## Exercise requirements
Take the line that has "Indische Löwen im Zoo Zürich." and all the lines that come after it in the records, and write them out again exactly. Add no other line.

=-=-=

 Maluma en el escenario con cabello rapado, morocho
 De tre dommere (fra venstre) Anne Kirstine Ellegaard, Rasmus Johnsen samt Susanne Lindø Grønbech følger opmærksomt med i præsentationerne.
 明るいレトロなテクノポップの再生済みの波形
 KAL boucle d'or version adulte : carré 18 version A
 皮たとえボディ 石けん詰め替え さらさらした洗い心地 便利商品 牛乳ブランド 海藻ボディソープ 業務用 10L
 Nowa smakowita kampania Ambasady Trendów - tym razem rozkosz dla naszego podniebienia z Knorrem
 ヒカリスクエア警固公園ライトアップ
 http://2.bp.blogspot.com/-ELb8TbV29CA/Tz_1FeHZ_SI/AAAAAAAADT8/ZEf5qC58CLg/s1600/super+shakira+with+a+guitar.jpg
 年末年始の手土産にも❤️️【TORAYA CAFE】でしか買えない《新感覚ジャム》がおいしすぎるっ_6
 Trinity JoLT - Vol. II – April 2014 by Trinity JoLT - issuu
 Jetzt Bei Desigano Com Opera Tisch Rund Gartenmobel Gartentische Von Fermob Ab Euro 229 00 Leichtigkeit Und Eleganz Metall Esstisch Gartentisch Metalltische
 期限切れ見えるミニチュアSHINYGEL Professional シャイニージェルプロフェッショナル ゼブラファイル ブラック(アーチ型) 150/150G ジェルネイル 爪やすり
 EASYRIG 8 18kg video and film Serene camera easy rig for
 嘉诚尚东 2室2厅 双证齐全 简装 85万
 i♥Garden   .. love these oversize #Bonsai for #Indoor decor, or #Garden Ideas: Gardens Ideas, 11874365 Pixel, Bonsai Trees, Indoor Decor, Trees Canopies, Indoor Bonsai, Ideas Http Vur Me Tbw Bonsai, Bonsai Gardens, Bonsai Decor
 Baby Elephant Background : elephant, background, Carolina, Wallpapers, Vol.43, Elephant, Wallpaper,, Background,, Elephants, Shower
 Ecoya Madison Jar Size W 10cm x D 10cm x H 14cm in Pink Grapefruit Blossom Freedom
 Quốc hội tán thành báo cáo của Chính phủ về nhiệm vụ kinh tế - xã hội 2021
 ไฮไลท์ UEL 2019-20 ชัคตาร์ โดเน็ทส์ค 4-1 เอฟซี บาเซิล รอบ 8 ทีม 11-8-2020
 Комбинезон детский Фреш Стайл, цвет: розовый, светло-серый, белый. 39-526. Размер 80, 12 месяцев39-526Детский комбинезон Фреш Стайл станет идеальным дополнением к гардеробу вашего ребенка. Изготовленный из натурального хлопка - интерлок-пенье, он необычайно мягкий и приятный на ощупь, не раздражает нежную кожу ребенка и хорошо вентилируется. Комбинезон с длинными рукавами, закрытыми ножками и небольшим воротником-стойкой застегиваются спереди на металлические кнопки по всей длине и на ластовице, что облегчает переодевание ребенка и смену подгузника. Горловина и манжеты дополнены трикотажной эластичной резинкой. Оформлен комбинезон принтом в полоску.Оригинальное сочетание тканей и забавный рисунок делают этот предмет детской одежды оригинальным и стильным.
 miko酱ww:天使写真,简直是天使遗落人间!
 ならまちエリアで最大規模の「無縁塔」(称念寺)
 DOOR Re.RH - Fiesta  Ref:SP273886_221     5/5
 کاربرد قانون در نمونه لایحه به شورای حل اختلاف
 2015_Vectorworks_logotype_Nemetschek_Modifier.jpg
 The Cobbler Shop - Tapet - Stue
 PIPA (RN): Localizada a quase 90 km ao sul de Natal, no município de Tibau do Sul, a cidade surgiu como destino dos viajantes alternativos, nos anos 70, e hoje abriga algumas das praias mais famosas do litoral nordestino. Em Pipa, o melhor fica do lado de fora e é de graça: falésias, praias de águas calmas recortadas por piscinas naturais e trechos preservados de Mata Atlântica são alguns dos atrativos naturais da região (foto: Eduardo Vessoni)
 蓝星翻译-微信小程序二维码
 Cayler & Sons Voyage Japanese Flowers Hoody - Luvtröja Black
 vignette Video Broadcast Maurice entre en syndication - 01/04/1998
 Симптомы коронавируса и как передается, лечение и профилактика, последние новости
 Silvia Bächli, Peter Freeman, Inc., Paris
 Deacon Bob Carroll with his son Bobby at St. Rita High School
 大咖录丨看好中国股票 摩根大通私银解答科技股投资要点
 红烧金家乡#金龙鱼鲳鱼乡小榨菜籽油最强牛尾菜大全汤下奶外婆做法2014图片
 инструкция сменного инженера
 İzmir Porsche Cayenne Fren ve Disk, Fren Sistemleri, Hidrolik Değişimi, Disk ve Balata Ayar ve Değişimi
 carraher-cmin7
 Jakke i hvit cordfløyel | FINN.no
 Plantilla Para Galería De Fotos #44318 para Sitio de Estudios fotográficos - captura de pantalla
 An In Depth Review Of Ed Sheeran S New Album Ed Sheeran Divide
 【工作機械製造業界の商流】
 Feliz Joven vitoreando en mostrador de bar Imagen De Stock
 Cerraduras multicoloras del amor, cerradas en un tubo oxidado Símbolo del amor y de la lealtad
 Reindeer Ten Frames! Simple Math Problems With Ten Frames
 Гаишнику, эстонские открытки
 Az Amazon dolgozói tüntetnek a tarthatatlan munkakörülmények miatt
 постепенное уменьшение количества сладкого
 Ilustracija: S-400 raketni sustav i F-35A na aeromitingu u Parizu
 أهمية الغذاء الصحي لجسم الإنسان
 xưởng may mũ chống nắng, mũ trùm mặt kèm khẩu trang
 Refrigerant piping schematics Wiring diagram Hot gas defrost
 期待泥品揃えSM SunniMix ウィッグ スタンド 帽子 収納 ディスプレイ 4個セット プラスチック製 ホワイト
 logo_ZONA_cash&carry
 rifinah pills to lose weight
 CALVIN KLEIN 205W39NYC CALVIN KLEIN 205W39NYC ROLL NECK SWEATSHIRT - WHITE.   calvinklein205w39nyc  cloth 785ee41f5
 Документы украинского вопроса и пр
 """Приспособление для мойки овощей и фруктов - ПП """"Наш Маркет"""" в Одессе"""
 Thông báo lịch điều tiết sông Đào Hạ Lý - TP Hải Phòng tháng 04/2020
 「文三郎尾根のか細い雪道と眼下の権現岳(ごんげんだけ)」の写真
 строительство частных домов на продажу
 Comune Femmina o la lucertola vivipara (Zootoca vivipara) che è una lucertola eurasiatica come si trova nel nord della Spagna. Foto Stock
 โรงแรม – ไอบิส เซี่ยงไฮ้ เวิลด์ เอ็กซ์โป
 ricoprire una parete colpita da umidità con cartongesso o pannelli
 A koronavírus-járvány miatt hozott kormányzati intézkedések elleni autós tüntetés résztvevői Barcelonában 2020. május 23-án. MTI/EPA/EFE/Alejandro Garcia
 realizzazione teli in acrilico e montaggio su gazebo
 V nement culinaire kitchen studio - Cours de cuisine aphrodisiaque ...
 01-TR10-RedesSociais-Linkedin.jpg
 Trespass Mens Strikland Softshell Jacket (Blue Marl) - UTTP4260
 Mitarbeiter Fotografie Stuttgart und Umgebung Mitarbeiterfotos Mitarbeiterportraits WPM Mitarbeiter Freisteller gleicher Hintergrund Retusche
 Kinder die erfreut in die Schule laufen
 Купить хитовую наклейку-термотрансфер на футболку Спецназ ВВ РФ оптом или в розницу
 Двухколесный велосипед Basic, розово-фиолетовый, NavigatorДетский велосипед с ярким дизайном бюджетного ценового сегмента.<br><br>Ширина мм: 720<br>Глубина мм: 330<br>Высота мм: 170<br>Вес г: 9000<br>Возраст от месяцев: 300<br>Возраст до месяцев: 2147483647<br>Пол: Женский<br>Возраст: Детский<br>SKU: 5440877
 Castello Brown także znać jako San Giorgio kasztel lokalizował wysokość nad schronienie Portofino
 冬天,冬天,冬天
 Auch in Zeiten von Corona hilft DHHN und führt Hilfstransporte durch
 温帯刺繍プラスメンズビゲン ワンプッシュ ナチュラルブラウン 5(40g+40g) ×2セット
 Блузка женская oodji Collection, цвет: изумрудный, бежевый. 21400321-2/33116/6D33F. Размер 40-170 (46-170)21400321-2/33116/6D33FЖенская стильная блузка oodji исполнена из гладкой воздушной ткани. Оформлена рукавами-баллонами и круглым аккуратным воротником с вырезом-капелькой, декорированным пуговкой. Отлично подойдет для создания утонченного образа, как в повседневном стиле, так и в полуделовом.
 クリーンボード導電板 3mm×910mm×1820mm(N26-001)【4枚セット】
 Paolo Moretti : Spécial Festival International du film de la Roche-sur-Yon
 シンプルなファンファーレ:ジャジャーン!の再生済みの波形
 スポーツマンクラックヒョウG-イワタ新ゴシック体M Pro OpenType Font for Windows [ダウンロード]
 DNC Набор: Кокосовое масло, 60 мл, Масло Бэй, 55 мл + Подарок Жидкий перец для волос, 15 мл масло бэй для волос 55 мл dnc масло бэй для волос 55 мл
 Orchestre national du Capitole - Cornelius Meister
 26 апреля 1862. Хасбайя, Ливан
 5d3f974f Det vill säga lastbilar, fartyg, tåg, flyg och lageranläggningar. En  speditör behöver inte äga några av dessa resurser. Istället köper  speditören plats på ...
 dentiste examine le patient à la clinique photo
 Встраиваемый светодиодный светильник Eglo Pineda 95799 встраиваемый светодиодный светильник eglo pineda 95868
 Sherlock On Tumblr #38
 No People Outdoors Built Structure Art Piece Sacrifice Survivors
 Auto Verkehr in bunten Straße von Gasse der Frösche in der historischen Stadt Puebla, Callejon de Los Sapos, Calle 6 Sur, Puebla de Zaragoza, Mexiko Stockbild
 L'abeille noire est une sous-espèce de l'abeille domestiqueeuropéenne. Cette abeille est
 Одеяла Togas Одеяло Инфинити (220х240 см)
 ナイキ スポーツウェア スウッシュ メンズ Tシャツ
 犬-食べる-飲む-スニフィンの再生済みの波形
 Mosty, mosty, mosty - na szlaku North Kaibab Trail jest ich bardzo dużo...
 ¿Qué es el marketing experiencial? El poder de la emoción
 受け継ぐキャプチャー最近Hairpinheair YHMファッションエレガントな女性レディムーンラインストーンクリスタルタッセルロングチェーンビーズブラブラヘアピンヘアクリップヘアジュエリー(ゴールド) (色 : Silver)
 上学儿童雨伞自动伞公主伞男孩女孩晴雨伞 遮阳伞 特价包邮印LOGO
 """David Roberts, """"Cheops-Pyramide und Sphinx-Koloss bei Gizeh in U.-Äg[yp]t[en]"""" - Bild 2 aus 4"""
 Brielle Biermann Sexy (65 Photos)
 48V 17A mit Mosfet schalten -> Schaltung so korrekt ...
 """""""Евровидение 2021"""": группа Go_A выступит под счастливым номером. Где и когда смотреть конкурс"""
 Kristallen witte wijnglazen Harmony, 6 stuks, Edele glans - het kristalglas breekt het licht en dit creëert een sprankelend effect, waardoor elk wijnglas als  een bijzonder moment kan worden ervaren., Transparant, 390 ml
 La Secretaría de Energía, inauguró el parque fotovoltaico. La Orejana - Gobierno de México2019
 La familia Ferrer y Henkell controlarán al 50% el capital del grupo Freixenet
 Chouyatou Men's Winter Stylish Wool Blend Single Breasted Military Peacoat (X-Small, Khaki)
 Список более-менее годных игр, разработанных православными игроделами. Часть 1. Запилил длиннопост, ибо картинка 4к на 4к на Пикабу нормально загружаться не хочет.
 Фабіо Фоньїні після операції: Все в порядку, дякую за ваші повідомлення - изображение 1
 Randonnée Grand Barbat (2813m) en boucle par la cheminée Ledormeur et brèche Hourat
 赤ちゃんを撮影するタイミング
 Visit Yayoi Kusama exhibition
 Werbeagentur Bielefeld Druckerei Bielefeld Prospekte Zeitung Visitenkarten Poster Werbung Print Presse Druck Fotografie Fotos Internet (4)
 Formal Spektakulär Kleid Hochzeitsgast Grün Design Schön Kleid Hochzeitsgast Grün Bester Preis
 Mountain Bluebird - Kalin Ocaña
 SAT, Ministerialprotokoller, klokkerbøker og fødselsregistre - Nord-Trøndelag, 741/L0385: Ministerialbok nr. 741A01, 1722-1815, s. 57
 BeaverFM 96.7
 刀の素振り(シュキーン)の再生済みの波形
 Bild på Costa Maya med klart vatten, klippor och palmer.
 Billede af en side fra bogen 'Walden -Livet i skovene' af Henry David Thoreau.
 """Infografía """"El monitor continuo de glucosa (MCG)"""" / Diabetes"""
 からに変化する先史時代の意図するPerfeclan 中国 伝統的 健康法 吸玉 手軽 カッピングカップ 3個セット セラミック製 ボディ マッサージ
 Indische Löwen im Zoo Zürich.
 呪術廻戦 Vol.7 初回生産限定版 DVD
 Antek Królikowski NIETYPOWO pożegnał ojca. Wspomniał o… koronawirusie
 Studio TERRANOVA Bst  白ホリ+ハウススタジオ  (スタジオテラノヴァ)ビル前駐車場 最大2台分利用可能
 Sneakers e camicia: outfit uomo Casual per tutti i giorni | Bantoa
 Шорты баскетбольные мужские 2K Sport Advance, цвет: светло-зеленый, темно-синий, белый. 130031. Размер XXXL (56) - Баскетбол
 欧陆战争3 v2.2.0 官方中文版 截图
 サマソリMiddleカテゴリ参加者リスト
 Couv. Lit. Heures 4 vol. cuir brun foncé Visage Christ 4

=-=-=

## Response
 Indische Löwen im Zoo Zürich.
 呪術廻戦 Vol.7 初回生産限定版 DVD
 Antek Królikowski NIETYPOWO pożegnał ojca. Wspomniał o… koronawirusie
 Studio TERRANOVA Bst  白ホリ+ハウススタジオ  (スタジオテラノヴァ)ビル前駐車場 最大2台分利用可能
 Sneakers e camicia: outfit uomo Casual per tutti i giorni | Bantoa
 Шорты баскетбольные мужские 2K Sport Advance, цвет: светло-зеленый, темно-синий, белый. 130031. Размер XXXL (56) - Баскетбол
 欧陆战争3 v2.2.0 官方中文版 截图
 サマソリMiddleカテゴリ参加者リスト
 Couv. Lit. Heures 4 vol. cuir brun foncé Visage Christ 4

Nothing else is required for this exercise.